Watts That Won: Jake Suss Smashes His PR and Wins the Hilton Head Marathon

Jake Suss knows how to pace hills. Last time we talked to him, Jake had just run Air Force marathon in 2:43, with an average wattage of 295. He used the real-time Stryd power metric to pace the first hill and ended up passing some of his competitors later in the race.


Adjusting Training To Get To The Next Level

After the Air Force Marathoon, Jake wanted make some specific changes to his training in order to lower his marathon PB and become a better runner. He increased his weekly mileage from 70-80 miles per week pre-Air Force MArathon to 80-90 miles per week, while still giving himself a full day of rest and recovery. That meant he would need double almost every day--not an easy task for an active duty Air Force Officer.
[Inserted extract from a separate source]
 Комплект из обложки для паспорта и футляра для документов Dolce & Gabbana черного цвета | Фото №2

A normal week featured a longer or quality session in the morning followed by an easy treadmill run at lunch. On Saturdays, Jake ran long and included some faster work within the longer runs.
Jake also focused more on marathon specific pace and threshold runs, rather than V02 max runs.

In addition to his volume and quality changes to his training, Jake doubled down on digging into the data. Jake also coaches athletes in the Pheonix area, and uses the WKO4 platform frequently.
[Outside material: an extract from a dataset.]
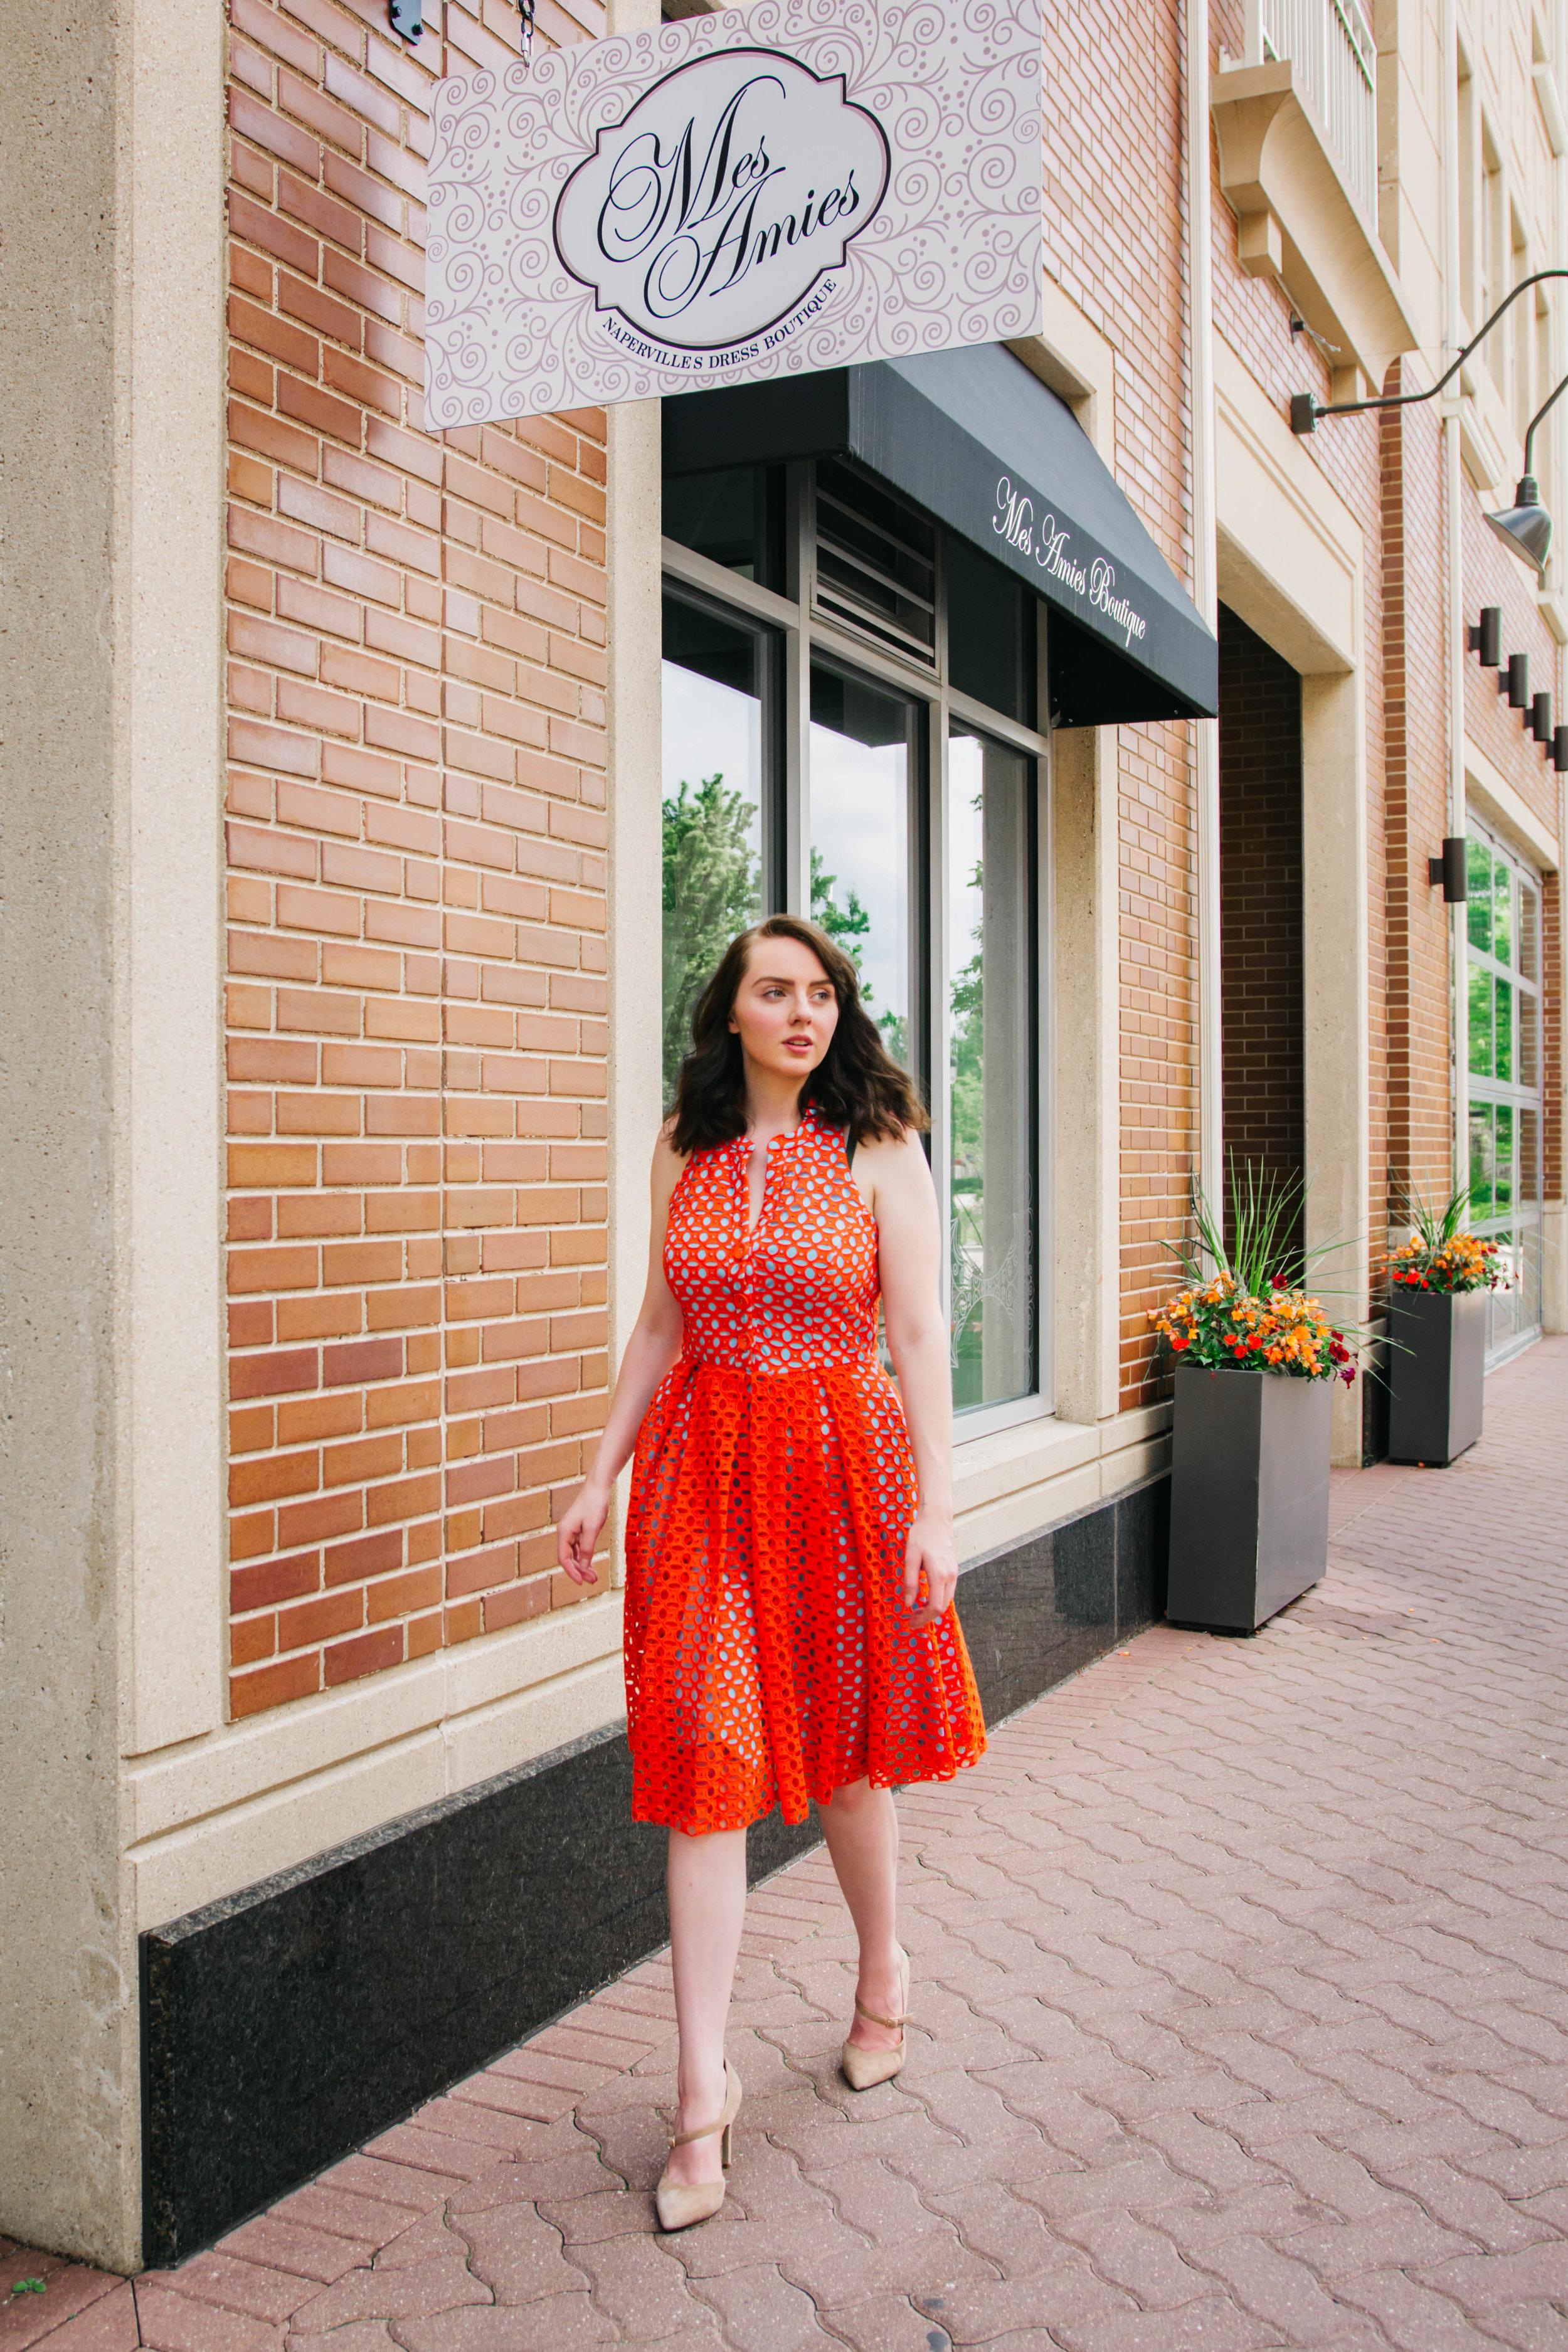 Mes Amies Dress Boutique Naperville

The above chart compares the 90 days before and including both the Hilton Head Marathon and the AF Marathon. Although the max powers for each given duration were fairly consistent, I was significantly faster at those given powers in my recent training. So that's one reason why I'm surmising that I got more efficient.

Jake's hypothesis would be certainly be put to the test on race day.
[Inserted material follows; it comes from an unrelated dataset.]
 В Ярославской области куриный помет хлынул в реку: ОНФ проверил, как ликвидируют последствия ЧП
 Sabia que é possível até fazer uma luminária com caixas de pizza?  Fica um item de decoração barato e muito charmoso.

Training Leading Up to Race Day

After several productive months of training, Jake began to see real changes in his running efficiency, a promising sign ahead of the Hilton Head Marathon.

A tune up Half Marathon in Pheonix confirmed the data. He raced the half marathon at marathon pace and finished in 1:17:30 (5:54 pace) and averaged 330 watts. He finished feeling strong, wondering why he couldn't just run the next 13.1 miles then and there.

A week before the race, he did the same pre-race speed sessions as he did prior to the Air Force Marathon: 3 x 1k.


Jake noticed his 1k repeats were faster than his previous workout, and he was putting out less power to produce that faster speed. He had become more efficient, and this was a huge confidence booster heading into race day.

Race Day

Jake knew he didn't want to go out too fast, as he had in the Air Force Marathon. He was able to hang on for a good result there, but he knew with proper pacing based on his power-based training, he could definitely hit his personal best and maybe even win the race.

"My plan was very simple," Jake said, "Don't go crazy in the first mile and hold 300 watts all the way through the tape."


In an earily similar manner to Joseph Gray, who recently qualified for the PanAmerican Cross Country Championships, Jake executed his race plan perfectly. His first mile was 5:55 but below 300 watts. It became clear early on that Jake would be in a position to win if he kept up his initial pace. There were some small hills interspersed in the course, and Jake made sure to stay at his target wattage. Jake was clear of the competition by the half marathon mark. It was all up to Jake and his watts.

Jake felt strong in the last 5k and began to increase the pace. He ran his last mile in 5:45 and punched through the tape in a massive PR: 2:38:41. His average pace: 6:00. His average watts: 300. Paced to perfection.

Watts That Won = 300


What's Next for Jake?

Jake is already looking towards his next challange. He wants to get even faster. His eyes are on the Marine Corps Marathon in Washington, D.C. He wants to be the top finished in the Armed Forces Division. We are all pulling for you, Jake!